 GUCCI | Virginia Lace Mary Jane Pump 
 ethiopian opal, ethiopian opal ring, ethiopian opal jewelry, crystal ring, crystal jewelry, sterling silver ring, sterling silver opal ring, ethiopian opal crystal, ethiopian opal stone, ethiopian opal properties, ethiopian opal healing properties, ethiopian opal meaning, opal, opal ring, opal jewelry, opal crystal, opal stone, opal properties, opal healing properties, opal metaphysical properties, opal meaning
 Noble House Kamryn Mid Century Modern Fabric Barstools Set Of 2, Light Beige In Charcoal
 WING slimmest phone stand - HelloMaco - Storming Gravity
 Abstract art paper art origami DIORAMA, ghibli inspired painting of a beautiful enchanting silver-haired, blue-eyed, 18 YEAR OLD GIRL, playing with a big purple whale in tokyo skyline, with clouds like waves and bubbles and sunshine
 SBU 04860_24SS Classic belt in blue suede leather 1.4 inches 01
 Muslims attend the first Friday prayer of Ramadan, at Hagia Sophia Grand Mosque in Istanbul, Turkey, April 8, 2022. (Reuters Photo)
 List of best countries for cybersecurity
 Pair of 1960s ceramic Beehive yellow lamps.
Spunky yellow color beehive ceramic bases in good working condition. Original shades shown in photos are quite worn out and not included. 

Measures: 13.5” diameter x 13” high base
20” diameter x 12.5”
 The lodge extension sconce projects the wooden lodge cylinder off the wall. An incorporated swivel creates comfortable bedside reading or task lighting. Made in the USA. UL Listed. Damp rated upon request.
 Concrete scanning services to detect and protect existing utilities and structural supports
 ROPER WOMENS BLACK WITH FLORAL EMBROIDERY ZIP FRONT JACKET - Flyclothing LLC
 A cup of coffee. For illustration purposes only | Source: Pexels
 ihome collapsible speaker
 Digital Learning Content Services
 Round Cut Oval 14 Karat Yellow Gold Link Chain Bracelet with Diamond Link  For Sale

## THE PROBLEM
Quote exactly the first line of the entries and every line after it, stopping with the line that contains "SBU 04860_24SS Classic".

## SOLUTION
 GUCCI | Virginia Lace Mary Jane Pump 
 ethiopian opal, ethiopian opal ring, ethiopian opal jewelry, crystal ring, crystal jewelry, sterling silver ring, sterling silver opal ring, ethiopian opal crystal, ethiopian opal stone, ethiopian opal properties, ethiopian opal healing properties, ethiopian opal meaning, opal, opal ring, opal jewelry, opal crystal, opal stone, opal properties, opal healing properties, opal metaphysical properties, opal meaning
 Noble House Kamryn Mid Century Modern Fabric Barstools Set Of 2, Light Beige In Charcoal
 WING slimmest phone stand - HelloMaco - Storming Gravity
 Abstract art paper art origami DIORAMA, ghibli inspired painting of a beautiful enchanting silver-haired, blue-eyed, 18 YEAR OLD GIRL, playing with a big purple whale in tokyo skyline, with clouds like waves and bubbles and sunshine
 SBU 04860_24SS Classic belt in blue suede leather 1.4 inches 01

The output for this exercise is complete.